So $\displaystyle a=b=c=2$ and $\displaystyle a=b=c=-1$ are solutions. - Mar 9th 2009, 10:00 AMjames_bond
No ideas how to prove that there are no other solutions? Maybe this equation is an inequality and equality holds iff $\displaystyle a=b=c$. If so what's the inequality and how to prove it?

- Mar 10th 2009, 06:56 AMred_dog
The equation can be written as

$\displaystyle (ab-c-2)^2+(ac-b-2)^2+(bc-a-2)^2=0$

Then

$\displaystyle \left\{\begin{array}{lll}ab-c=2\\ac-b=2\\bc-a=2\end{array}\right.$

Can you solve the system? - Mar 12th 2009, 06:52 AMjames_bond
Thanks for your help but unfortunately I can't solve the equation system. I got $\displaystyle ab+b=2$ and similarly the other two but I can't get further. Could you help me out, please? Thank you!

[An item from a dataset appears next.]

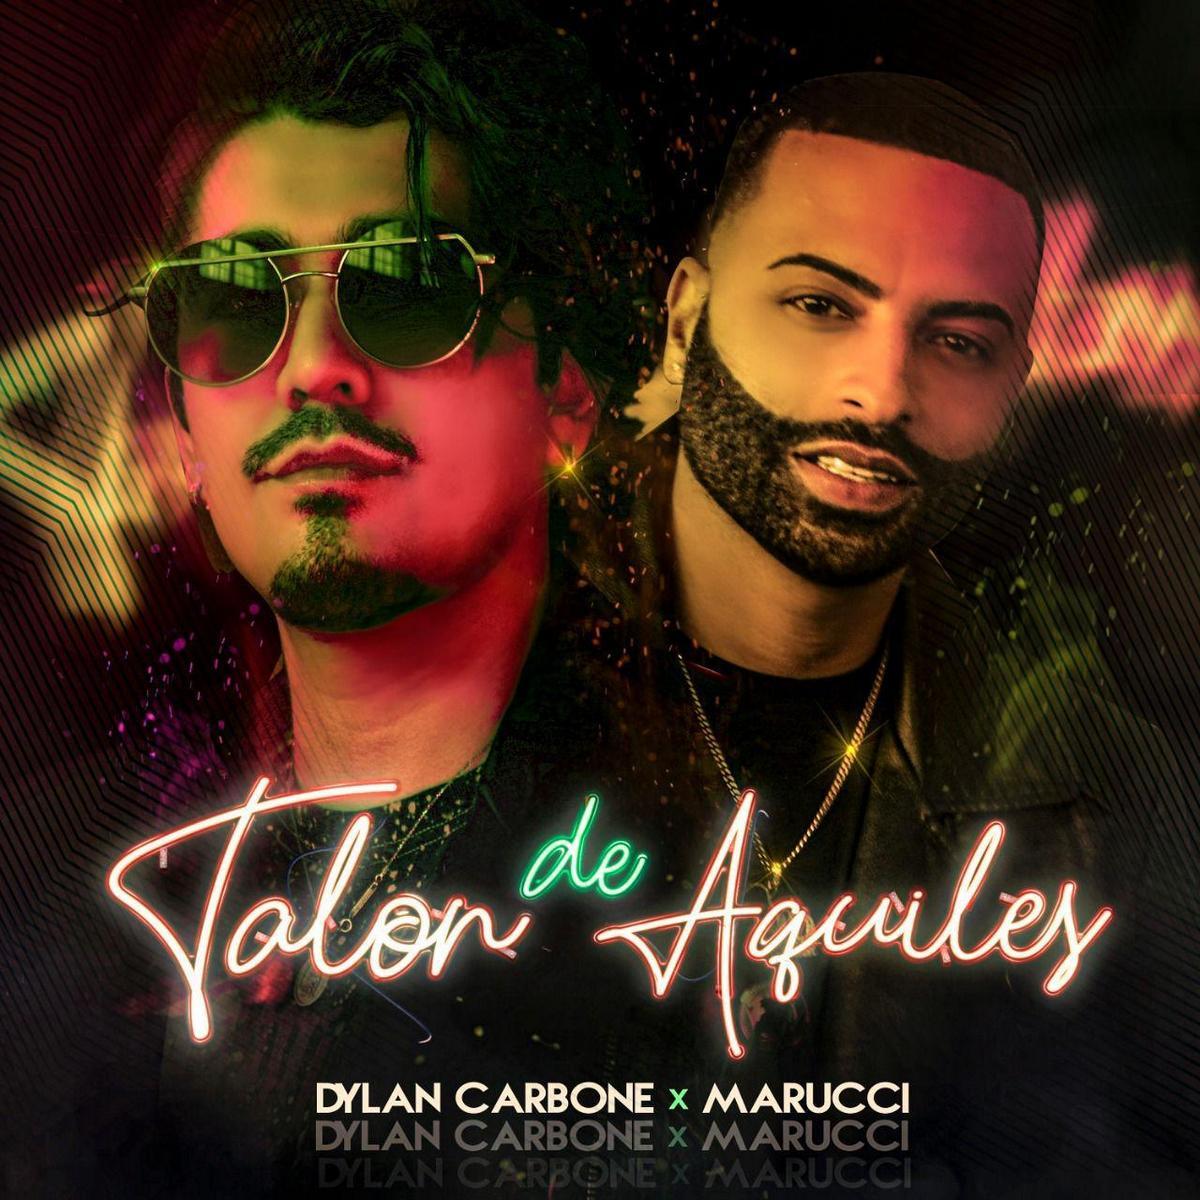 """""""Talón de Aquiles"""" el nuevo sencillo del cantautor de R&B latino Dylan Carbone ft. Marucci"""
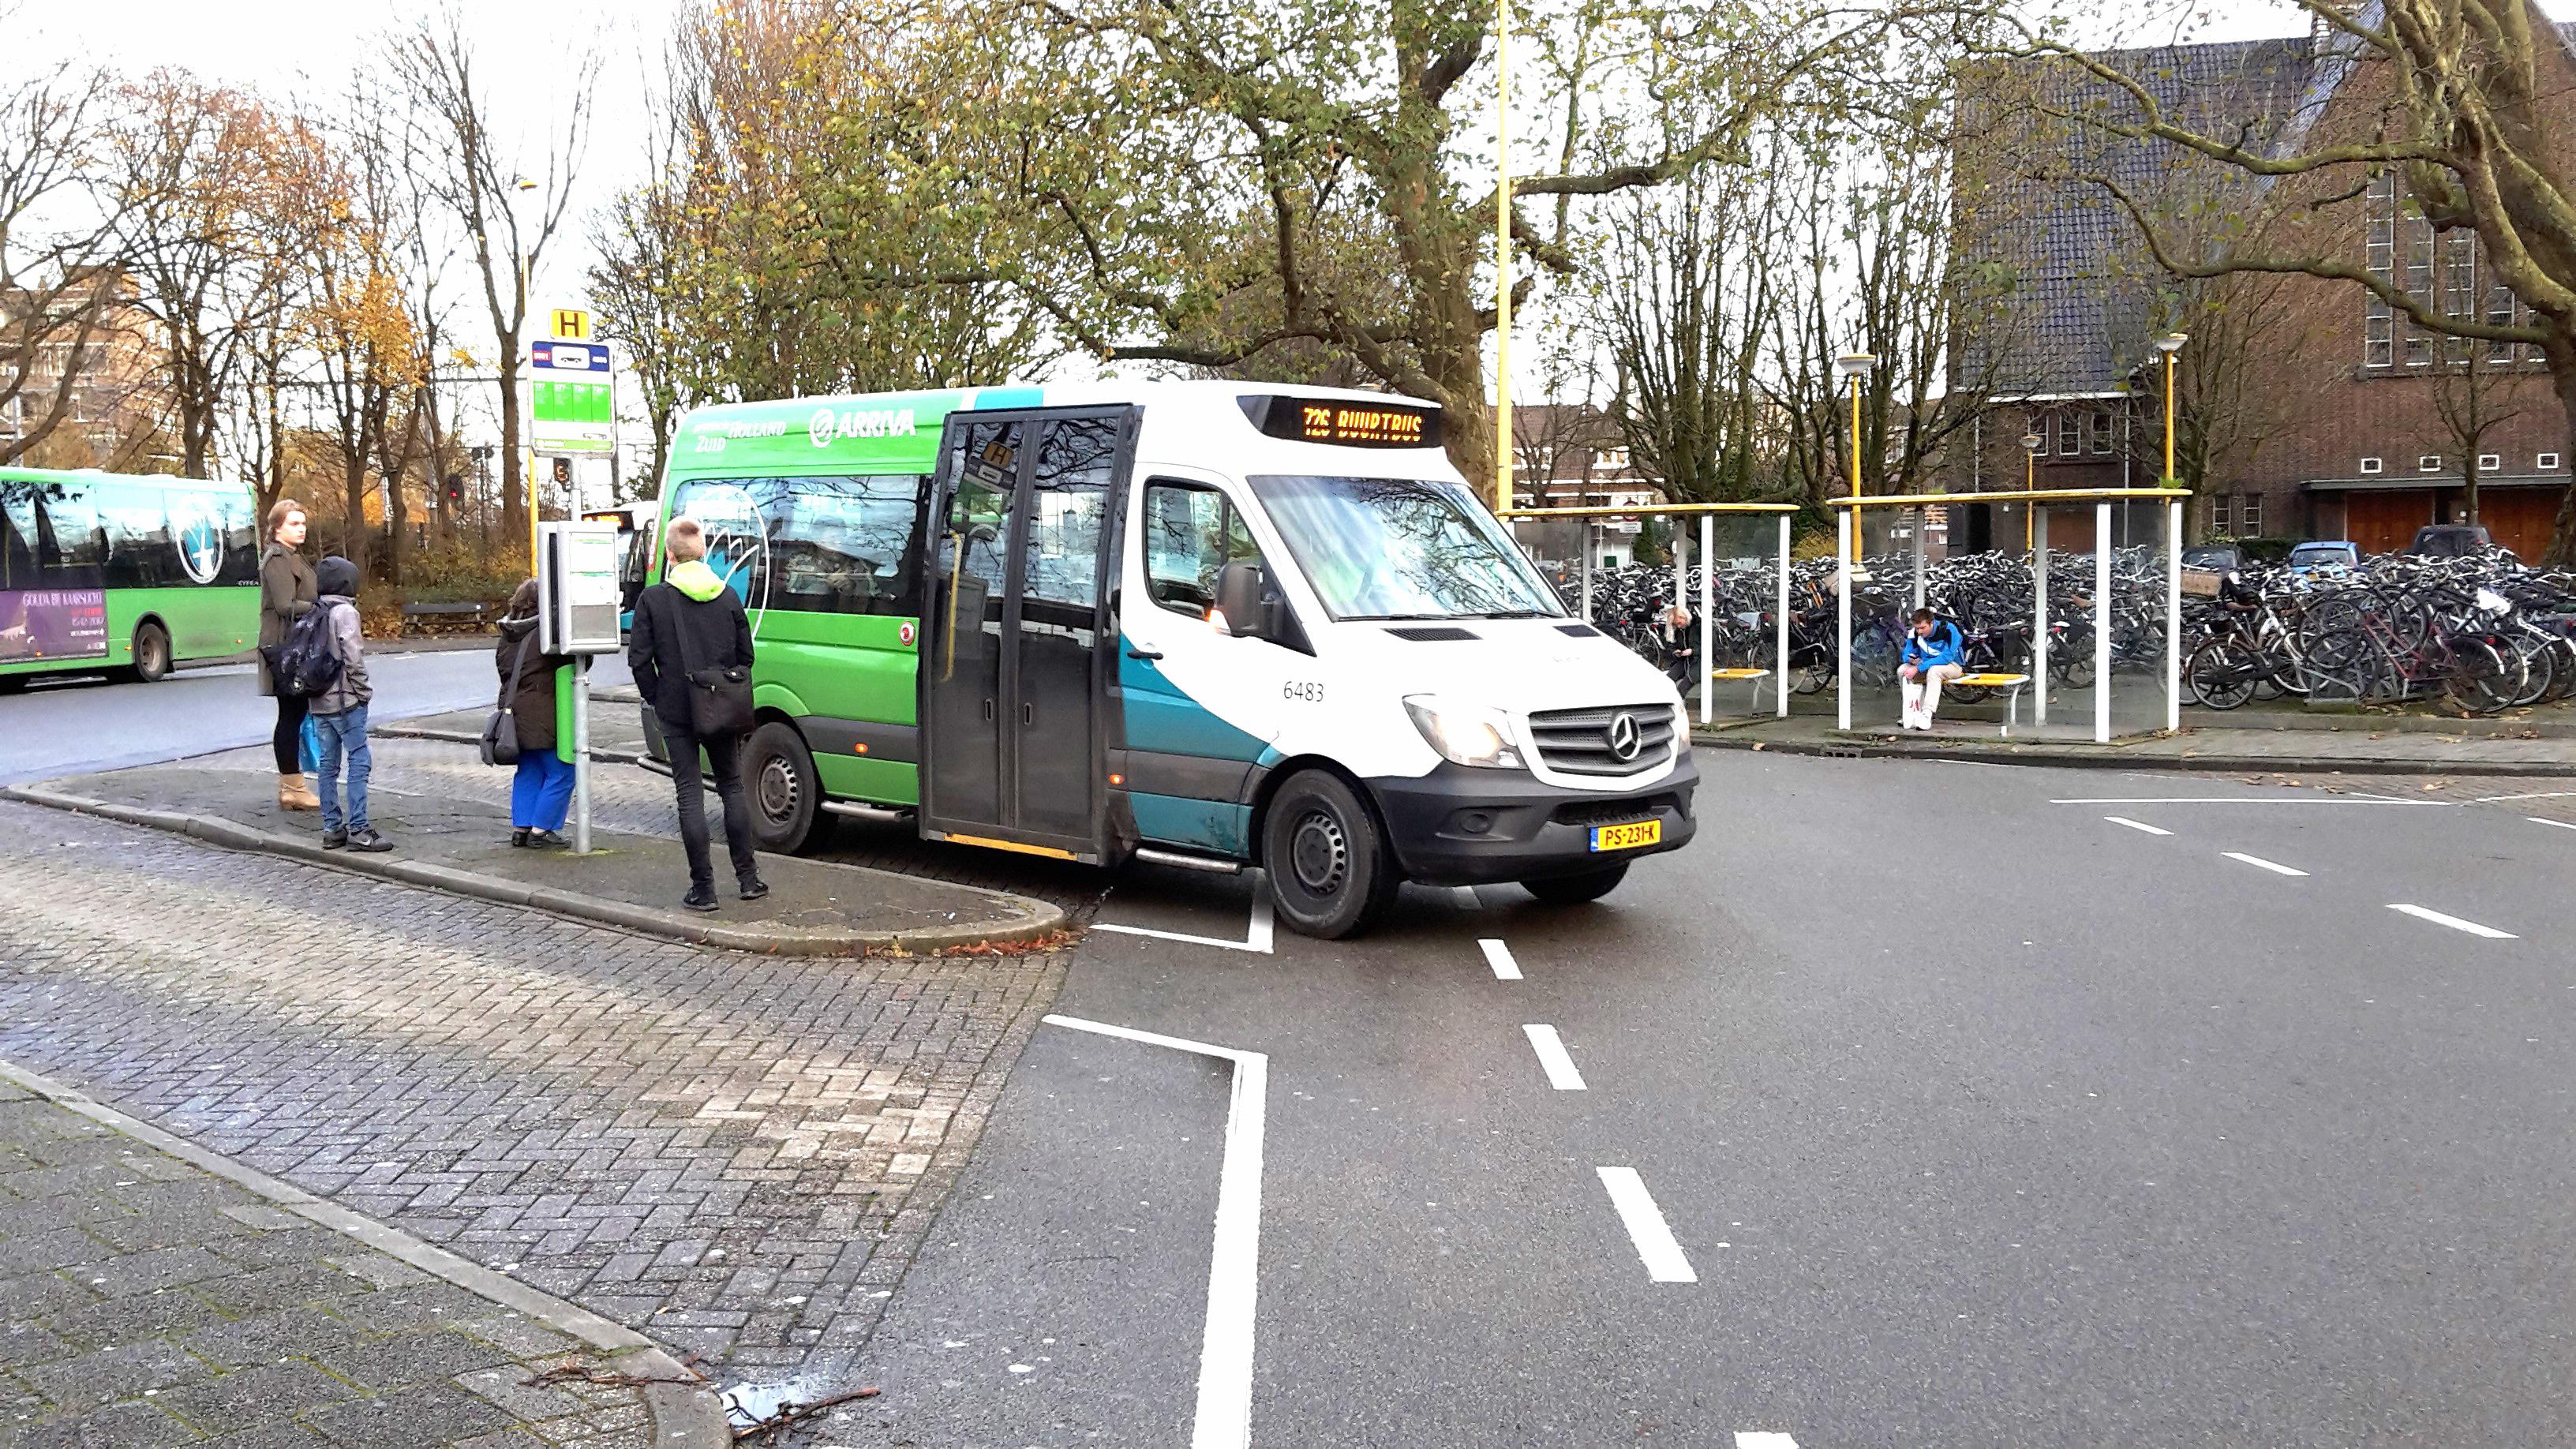 Buurtbus lijn 726 Reeuwijk – Gouda rijdt met nieuwe bus

- Mar 12th 2009, 12:57 PMred_dog
Substract the second equation from the first:

$\displaystyle (b-c)(a+1)=0$

1. If $\displaystyle b=c$, replace c with b in the first and the third equation:

$\displaystyle \left\{\begin{array}{ll}ab-b=2\\b^2-a=2\end{array}\right.$

From the second equation $\displaystyle a=b^2-2$

Replace a in the first equation: $\displaystyle b^3-3b-2=0\Leftrightarrow (b+1)^2(b-2)=0$

If $\displaystyle b=-1\Rightarrow a=-1, \ c=-1$

If $\displaystyle b=2\Rightarrow a=2, \ c=2$

2. If $\displaystyle a=-1$, replace a in the first and the third equation:

$\displaystyle \left\{\begin{array}{ll}b+c=-2\\bc=1\end{array}\right.\Rightarrow b=c=-1$